# New adventures?



## lizflowers42 (Jan 1, 2015)

Happy New Year! I officially opened my business, set up an online store, and did my first craft fair in 2014. 

I had lots of requests to make liquid soap and liquid laundry soap. I've only made powdered laundry soap and have done the recipe to make it liquid, but it's goopy texture. I'm planning on giving liquid soap a try this year. What is on your 2015 bucket list?


----------



## Soapsense (Jan 1, 2015)

I also would like to try liquid soap, and body butters.


----------



## lizflowers42 (Jan 1, 2015)

Ohhh butters!
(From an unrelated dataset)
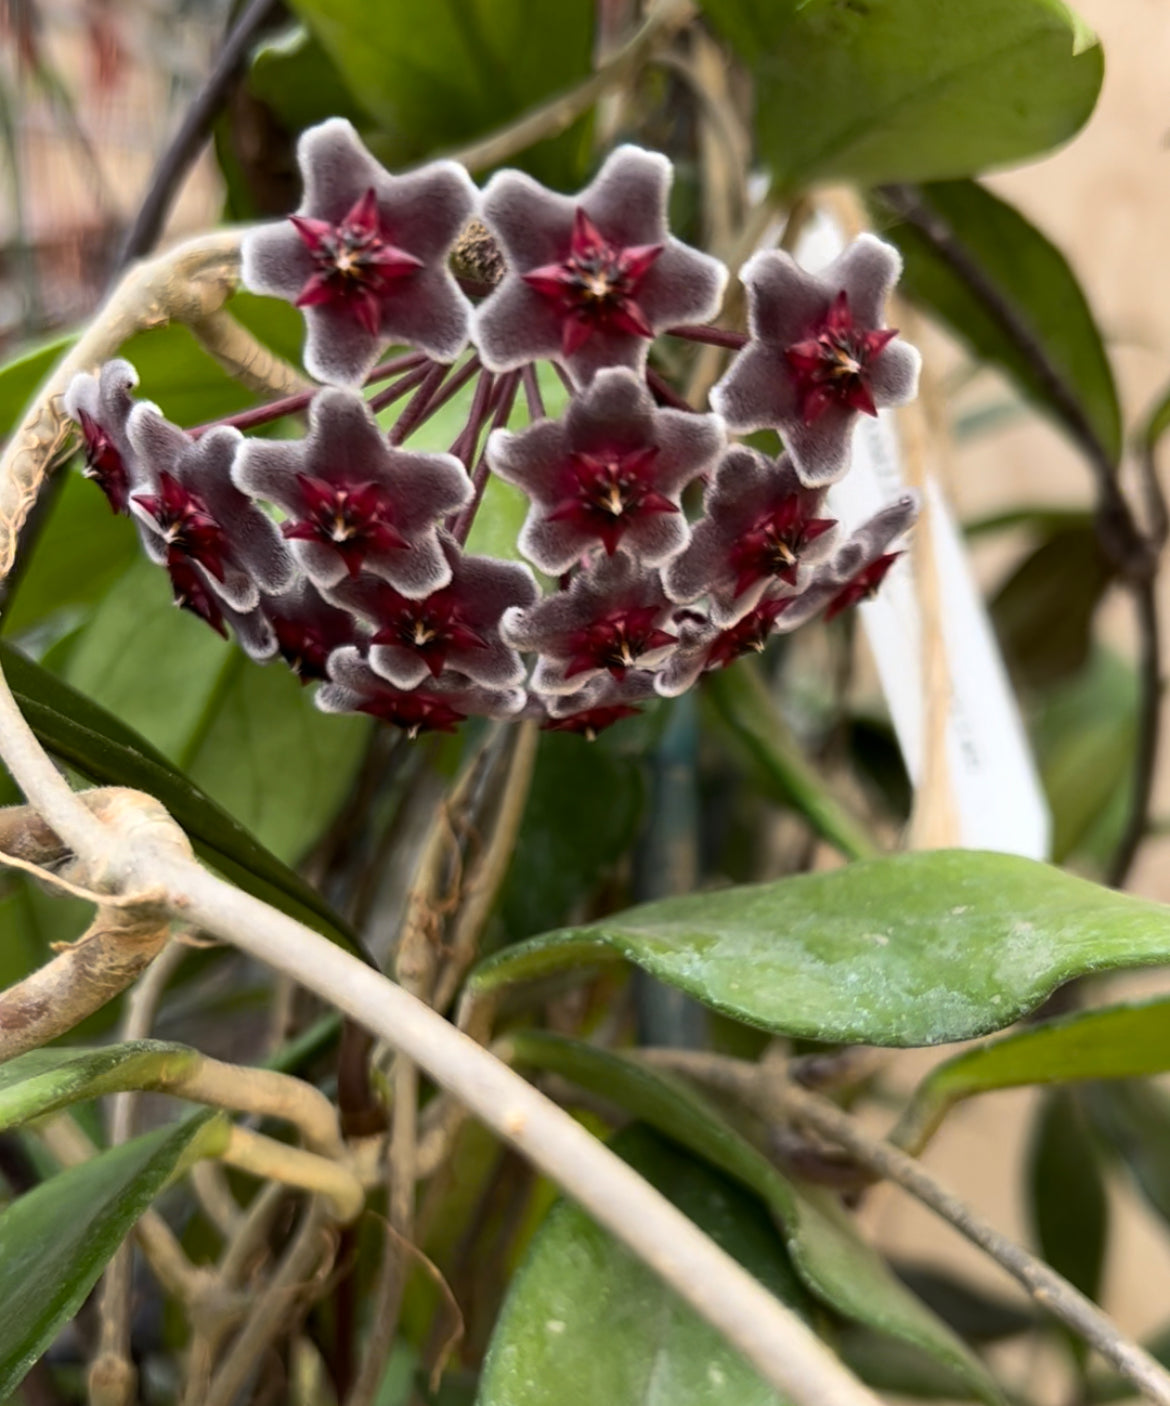 Royal Hawaiian Purple Pubicalyx

That's a good one!


----------



## Dahila (Jan 1, 2015)

sophisticated swirls, possibly three colors or more. Butters; done, lotions; done, sugar scrub done.  toner done.  Bread baked )


----------



## CaraBou (Jan 2, 2015)

Congrats on your business, Liz!  I am happy for you 

I finally made a liquid dish soap last weekend (using Susie's CP recipe), which I had been wanting to do for a long time.  I still have lots of KOH so now that the ice is broken I'll have to branch out more.  Also, I bought a couple different kinds of preservatives when I visited a soap supply store this fall, so doors have opened to lotions, too.  And I'm still a cp soap fiend, so my biggest challenge will be finding the time for it all!


----------



## Ruthie (Jan 2, 2015)

I want to perfect a sugar scrub recipe, but first gotta buy a new scale that measures in smaller increments.  It took me a long time to give in to the idea of using preservatives....
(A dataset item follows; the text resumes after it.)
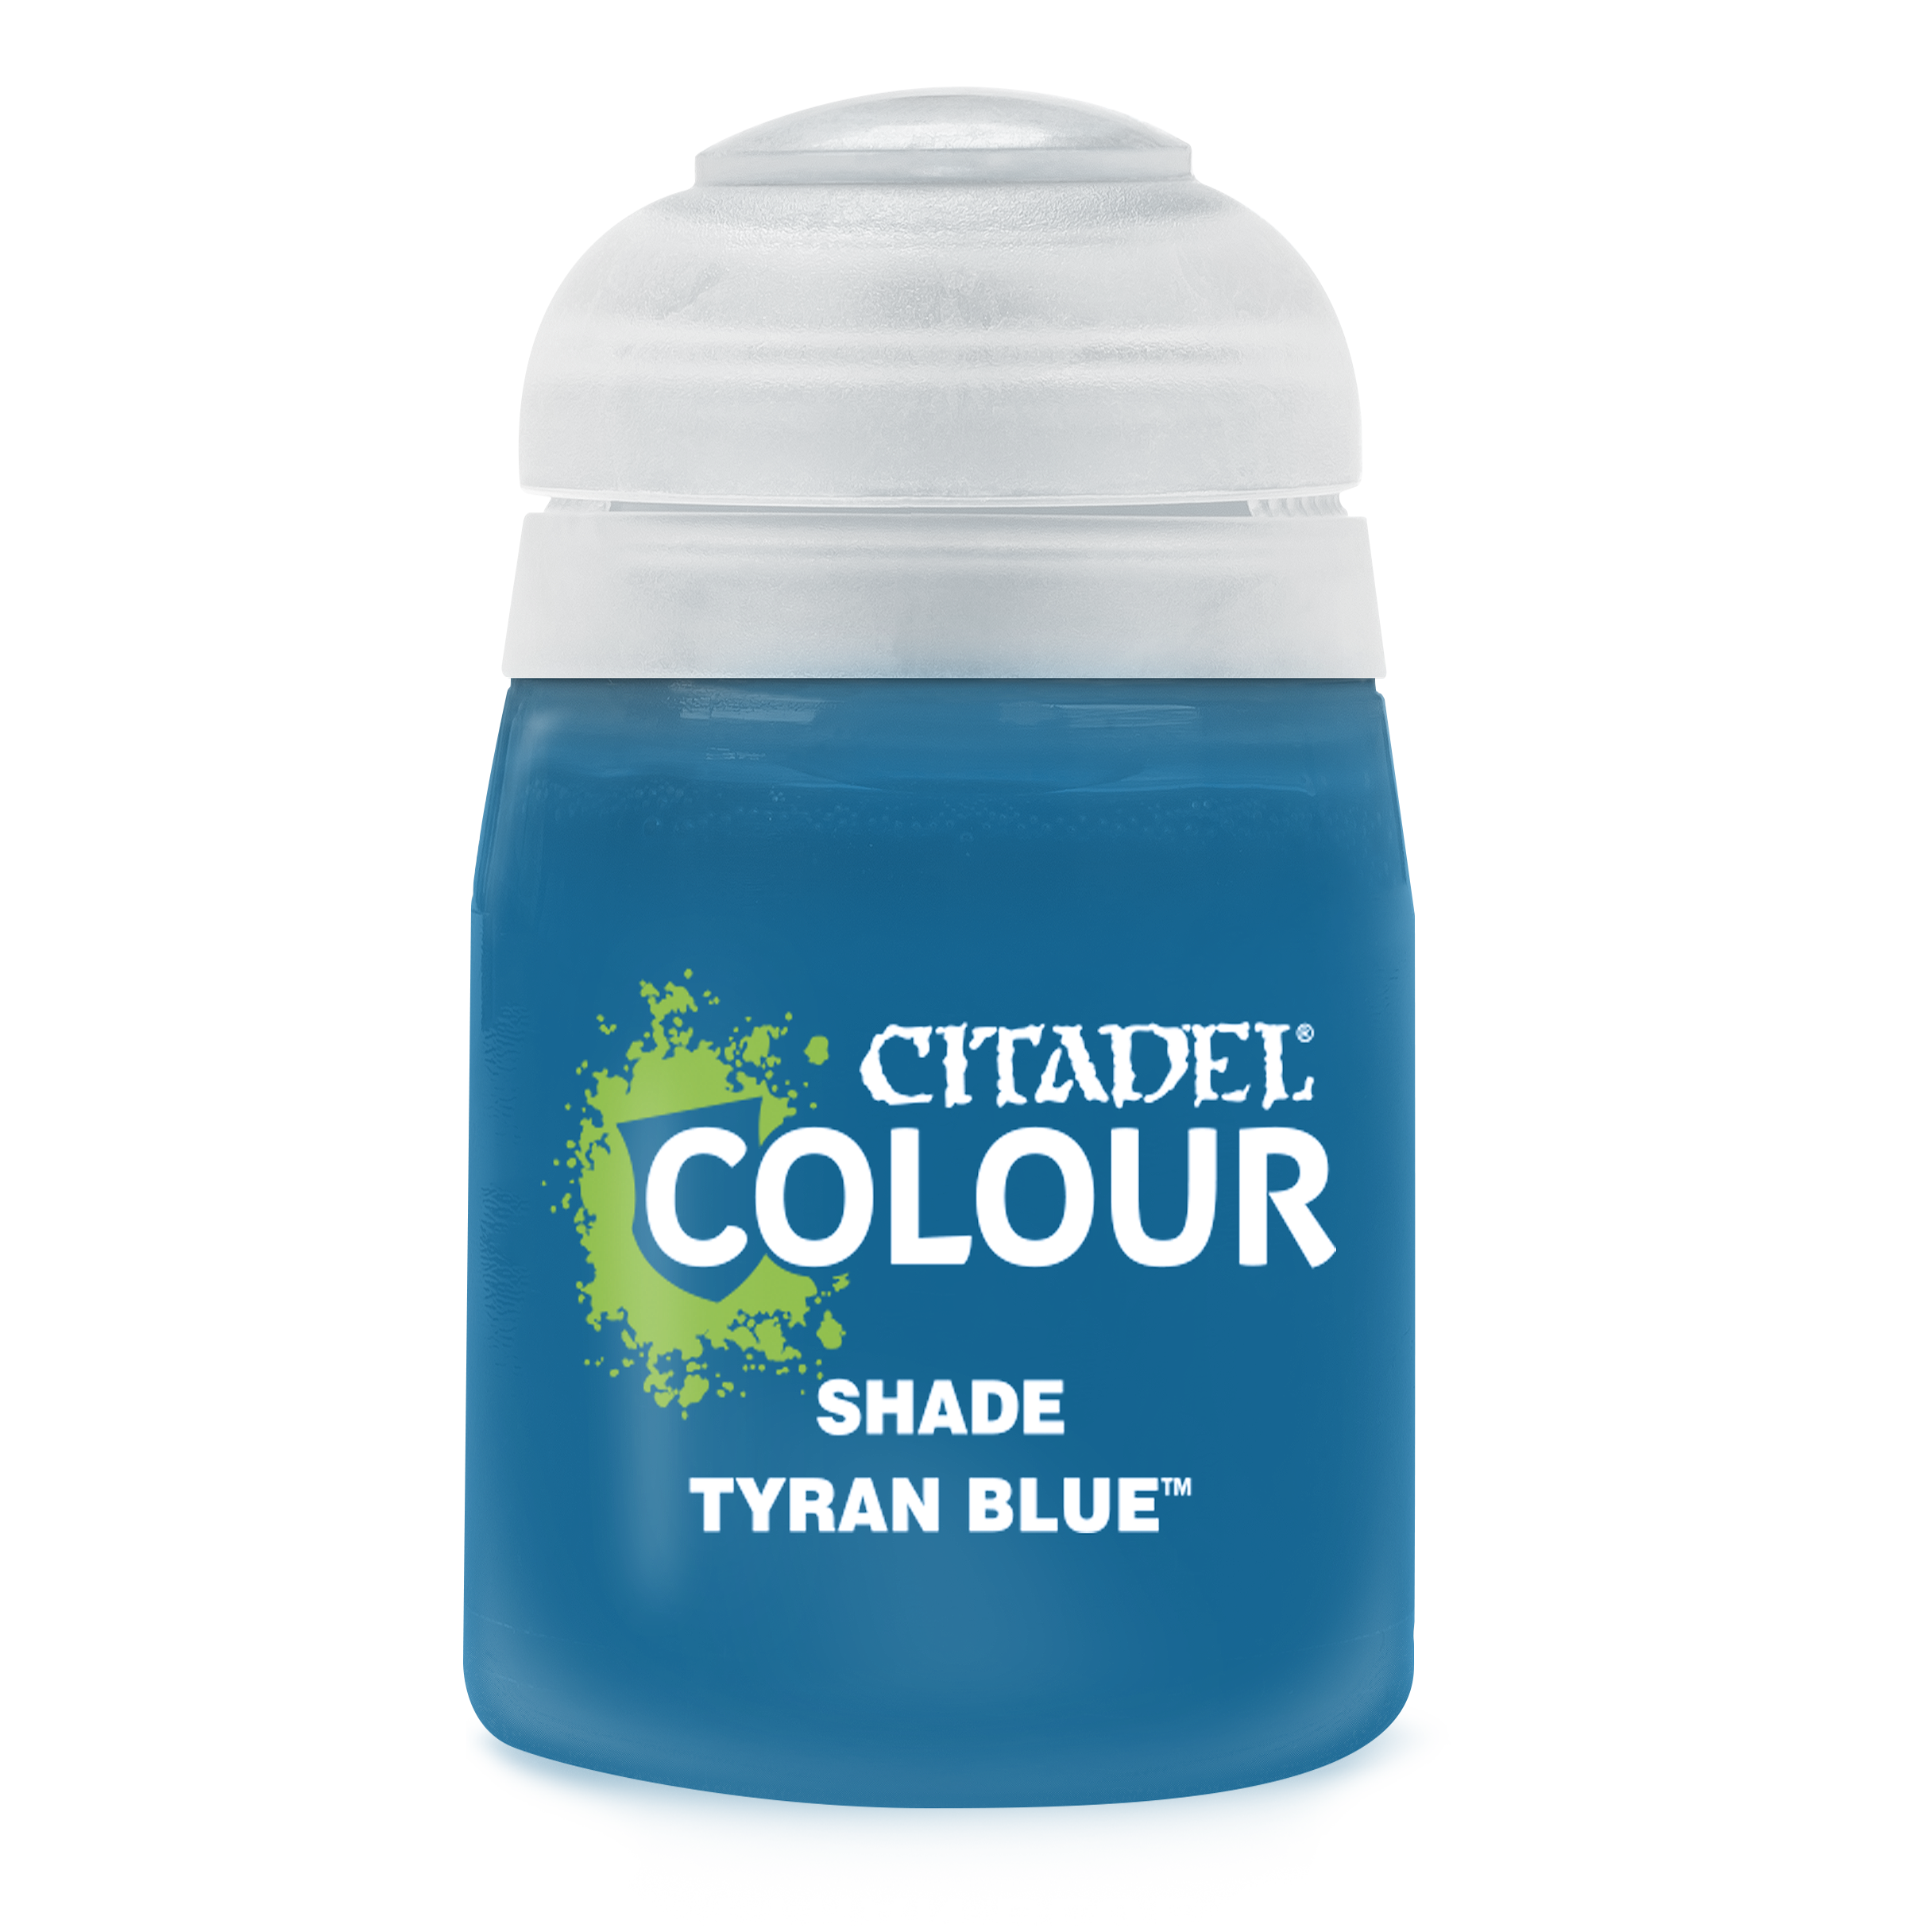 Shade Tyran Blue - Citadel Colour

Want to come up with more body butter recipes.  The one I tried so far has gotten me hooked.  To say nothing of these 6 dozen jars I've bought!
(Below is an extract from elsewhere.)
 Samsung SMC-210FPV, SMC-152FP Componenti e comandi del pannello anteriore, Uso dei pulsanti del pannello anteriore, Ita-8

Would also like to work on a shaving soap.


----------



## fuzz-juzz (Jan 2, 2015)

Congratulations Liz!
I'm in a process of trying to make LS. But that's about it for this year.
I have to try and graduate from University first while also trying to apply for another course  (I'm nuts :shh


----------



## snappyllama (Jan 2, 2015)

This new year I'm having a Veruca Salt episode. On my CP list: Salt Bars, more veggie bars, a facial bar, shampoo bars, alcohol bars and a bunch of different design ideas. 

I also want to try out HP and LS. 

I'm still working on my bath bomb and lotion recipes. Soap and bath bomb cupcakes are on my list... I received a set of piping tips for Christmas but have never piped frosting before so that will be a big learning experience. I thought I wanted to tweak my lip balm recipe, but the recent spat of frigid air has me loving it as-is. 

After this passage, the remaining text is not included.